しかし機械をつくるには、たくさんのお金が入用《いりよう》であった。機関車一台でも、一万円ちかくかかるのであった。一万円などという大金を、一郎がつくれるはずがなかった。だから、ざんねんながら、まにあわせに、模型《もけい》でもつくってみるほかないと思った。
さて、模型をつくるにしても、なかなか費用がかかる。一郎のように、貧乏な家の子供は、お金のかかることなんか、出来ないのであった。といって、このまま指をくわえて引込《ひっこ》んでいるわけには、いかなかった。

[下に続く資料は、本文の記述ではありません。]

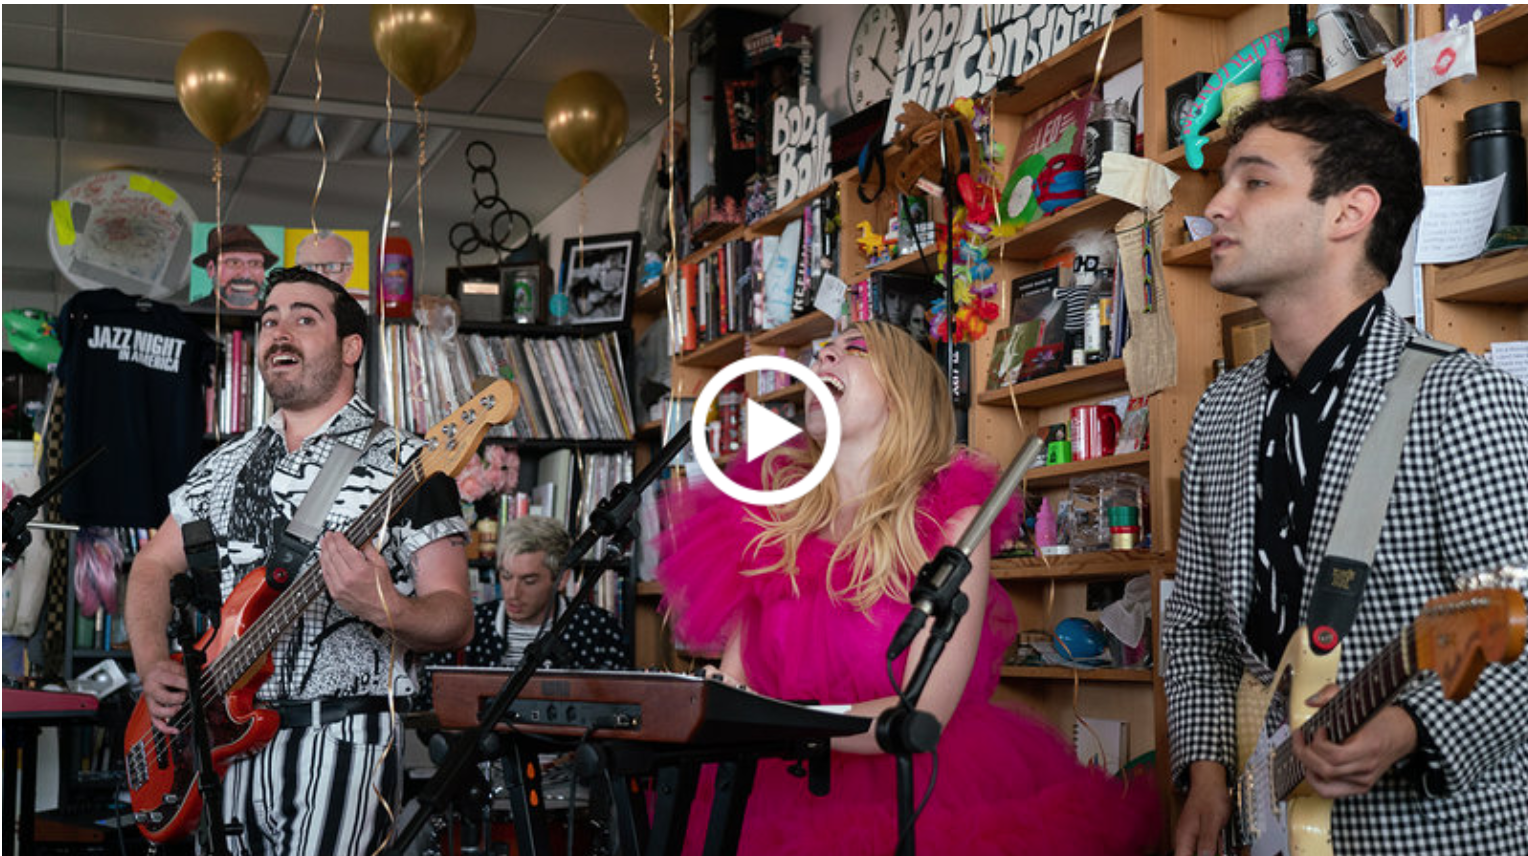 Charly Bliss performing live at NPR Tiny Desk Concert

一郎は、いろいろと思いなやんだ。ひとつ会社をやめて、もっと儲《もう》かる仕事をはじめようかしら。
彼は、発明王エジソンの少年時代のことを思い起こした。エジソンの家も、たいへん貧しかった。しかし少年エジソンは化学の実験がたいへんすきで、もっともっと、自分の思うように、それをたくさんやってみたくて仕方がなかった。そこでエジソン少年は、まず新聞売子になった。新聞を売って、それで儲《もう》けたお金で、たのしい実験につかう薬品を買うことにしたのであった。エジソンは、新聞を汽車の中や駅で売ったのであった。

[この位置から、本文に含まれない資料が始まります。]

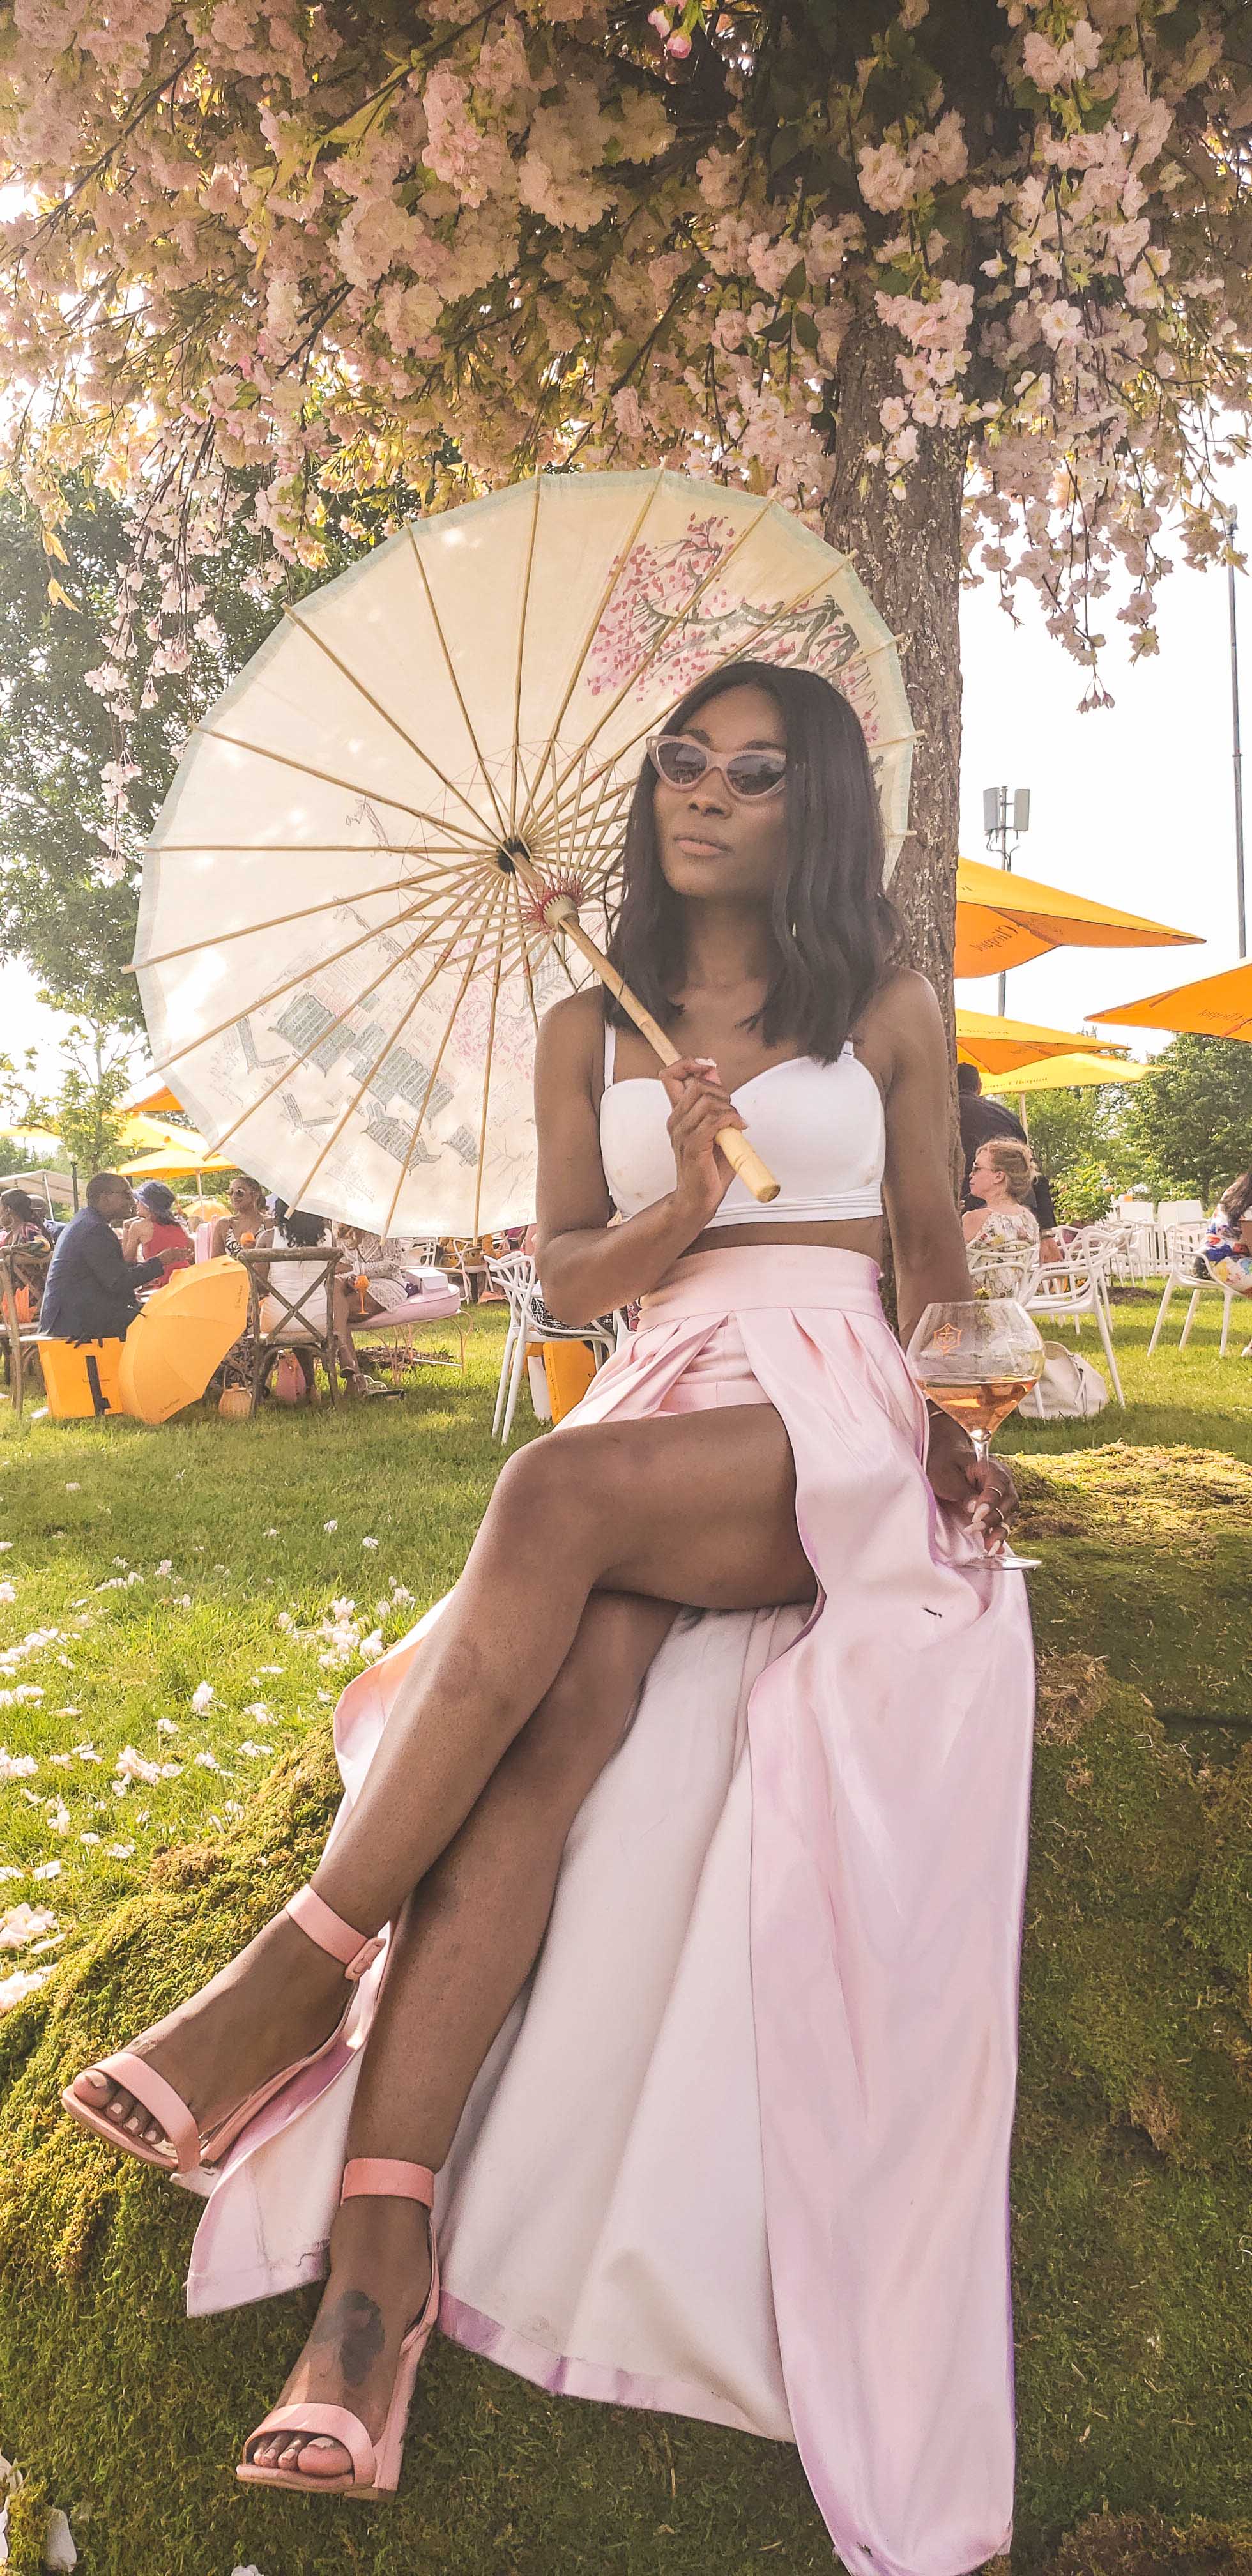 Street Style Was In Full Effect At The 11th Annual Veuve Clicquot Polo Classic

そのうち、エジソンは、自分で新聞を発行することを考えた。その方が、たくさん儲かるからであった。彼は、汽車の中の一室を、その新聞の発行所にあてた。彼の新聞は、よく売れた。それで、彼の思うような薬品が買えた。彼は汽車の中で、化学実験をつづけたのであった。くるしいけれども、たのしい日が、エジソンのうえにつづいた。或る日、汽車が揺《ゆ》れた拍子《ひょうし》に車内の薬品棚《やくひんだな》から、燐《りん》の壜がおちてこわれ、たちまち燐は空気中の酸素と化合をはじめ、ぼーっと燃えだした。火事だ。汽車の中に火事がはじまったのである。火事を出したおかげで、彼は新聞を発行することが出来なくなってしまった。――そんなことを、エジソンの伝記でよんだことがあった。
「よし、僕は、やるぞ!」
エジソンのように、彼も自力《じりき》で働こうと思った。そしてもっと、たくさんのお金を儲け、そしてもっとたくさんの時間を、地下戦車の研究につかえるようにしたいと考えた。
小田さんは、一郎の決心をきいて、いろいろと止めたけれど、彼の決心はつよかった。そして彼は、とうとう廃品回収屋さんを始めることとなった。一郎の母親をときふせることは、小田さんにたのんだ。
かがやかしき(一郎にいわせると)新体制への発足《ほっそく》であった。